Квин стоял, облокотившись на декоративную колонну, и курил одну из сигар Реджинальда Толхерста, которая была, признаться, далеко не лучшего качества. Он терпеливо слушал своего собеседника, ожидая возможности вступить в разговор.
– Единственное, чего не хватает в этом заведении, так это игорной комнаты, – заметил Толхерст.
– Знаете, а ведь вы правы. Во что предпочитаете играть?
– Вист, пикет, да во что угодно, – с нарочитой весомостью говорил Толхерст. – Что бы то ни было, я предпочитаю честную игру.
«Вот уж неправда, не стоит хвастаться напрасно», – подумал Квин.
– Один мой друг советовал местечко, как раз за углом. Замечу, что сам там никогда не играл, а потому несколько опасаюсь. – Он излучал неуверенность и увидел заинтересованность в глазах собеседника. – Я отвык от подобных сомнительных мест и городских притонов – слишком долго жил за границей.

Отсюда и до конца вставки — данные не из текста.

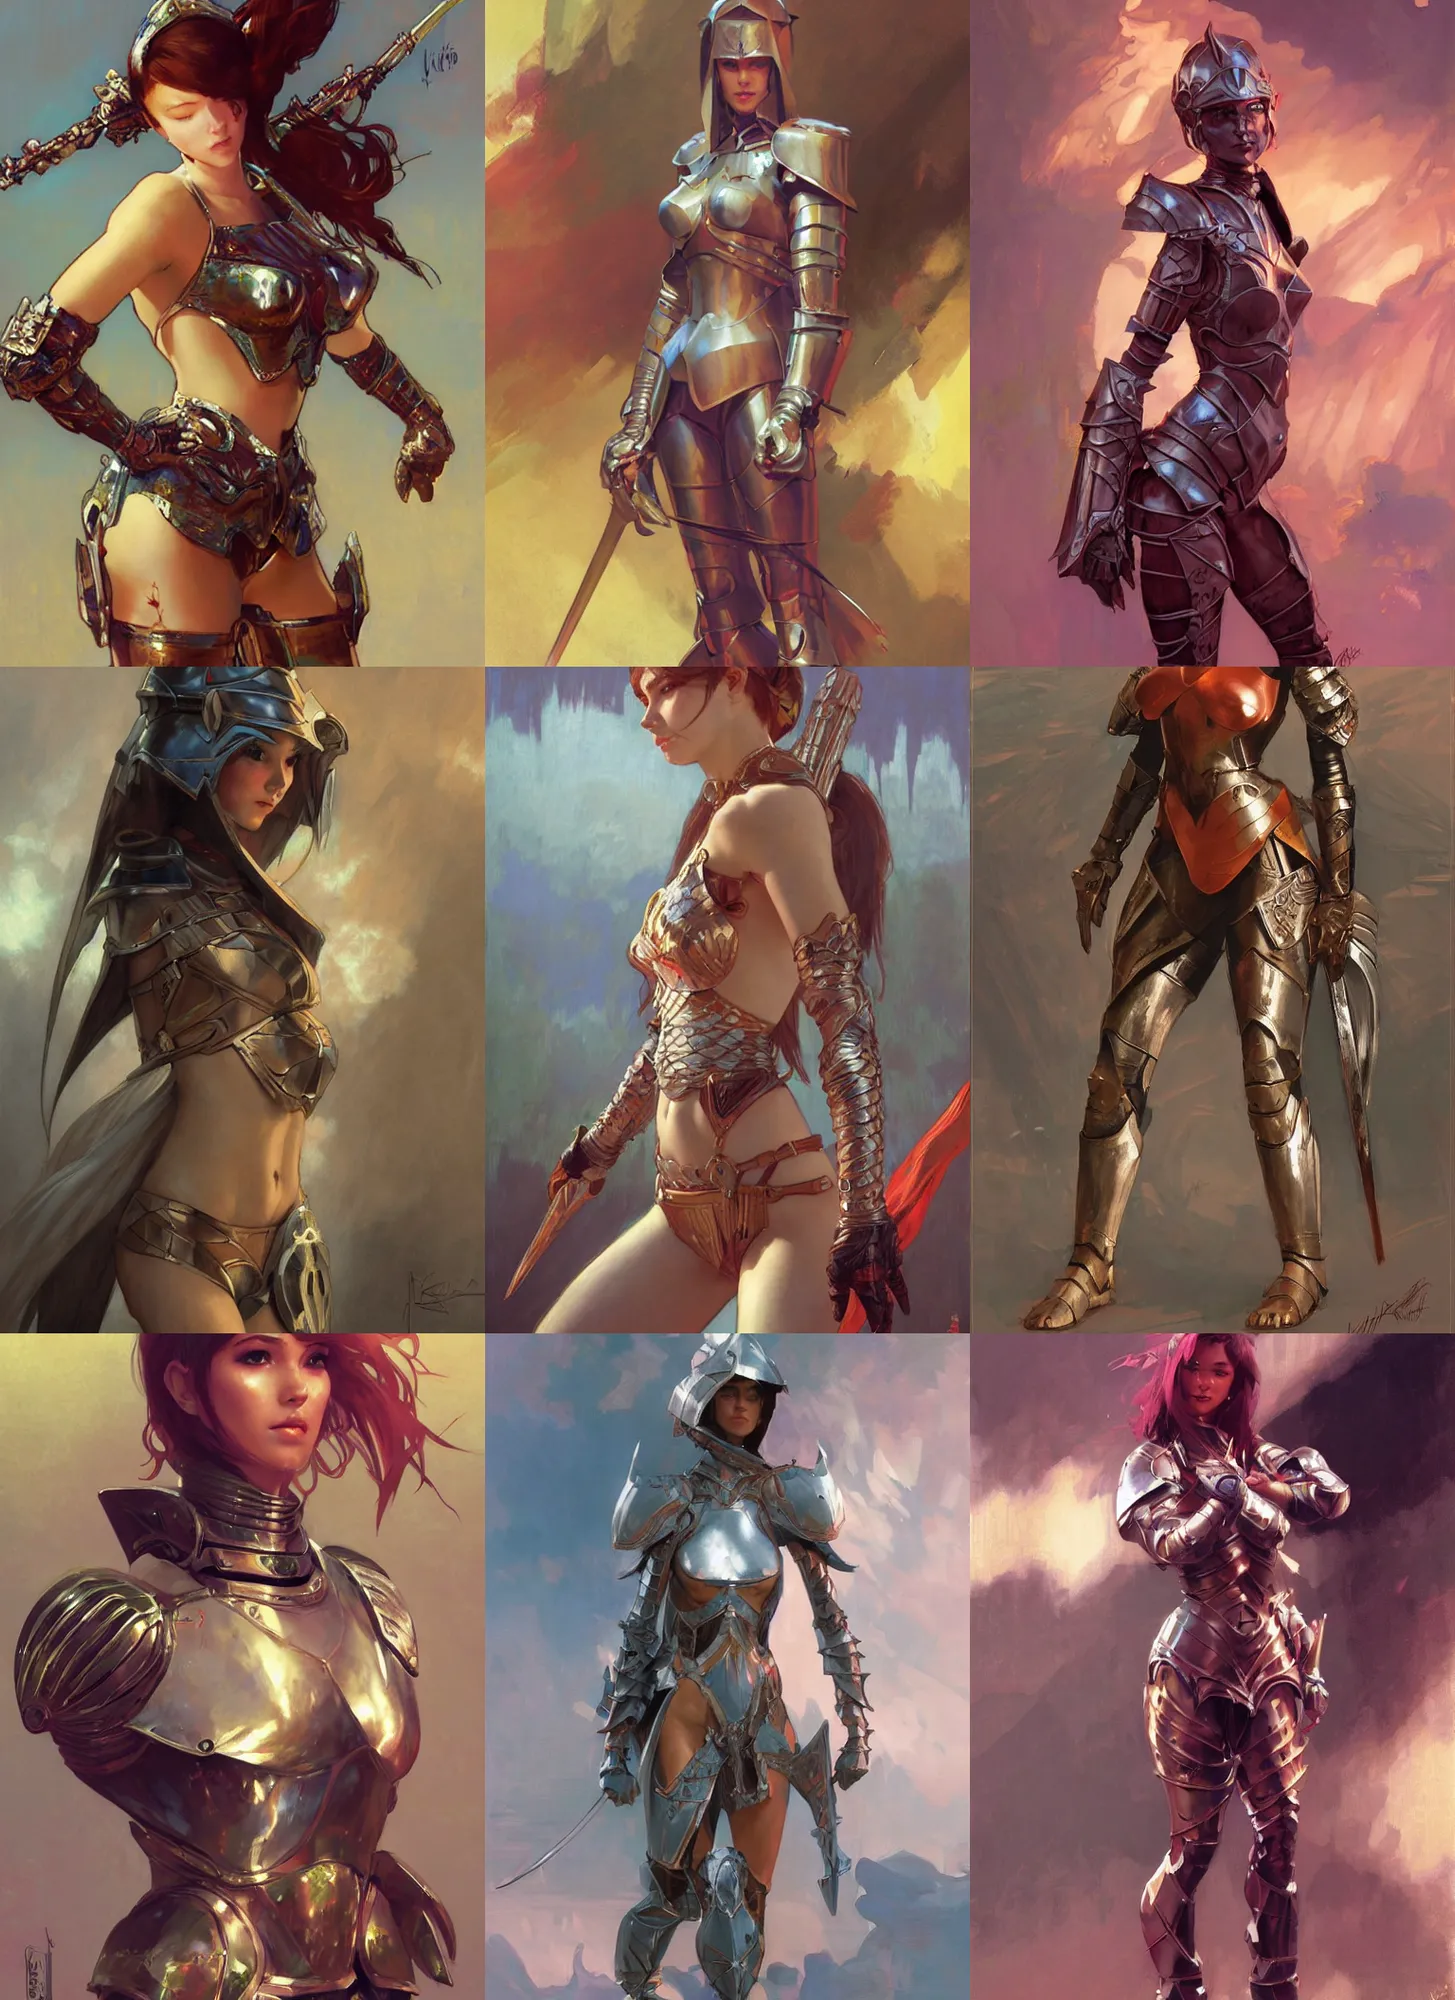 Prompt: bikini armor female knight, elegant, vibrant, fantasy, medieval, smooth, by ilya kuvshinov, craig mullins, edgar maxence, alphonse mucha, artgerm

Толхерст покровительственно улыбнулся:
– Думаю, могу позволить себе сказать, что я, в отличие от вас, в хорошей форме. Почему бы нам не отправиться туда сегодня же? Естественно, если вы закончили здесь.
– Да-да, я с вами, – с готовностью подхватил идею Квин. – Разрешите, я только на минуту поднимусь наверх, оставлю записку своему приятелю, с которым пришел сюда.
«Похоже, мы оба уверены, что нам сегодня повезло», – думал Квин, поднимаясь по лестнице. Затем он постучал в дверь комнаты, где оставил Грегора. Через мгновение дверь приоткрылась, и оттуда выглянула Полетт.
– Передай это Грегору, будь добра. И обязательно убедись, что он прочитал это. – Он вырвал листок из записной книжки и нацарапал на ней краткое сообщение.
«Проще, чем я думал. Сейчас иду в игорный дом за углом. Будь там через два часа. С. отправь домой с извозчиком».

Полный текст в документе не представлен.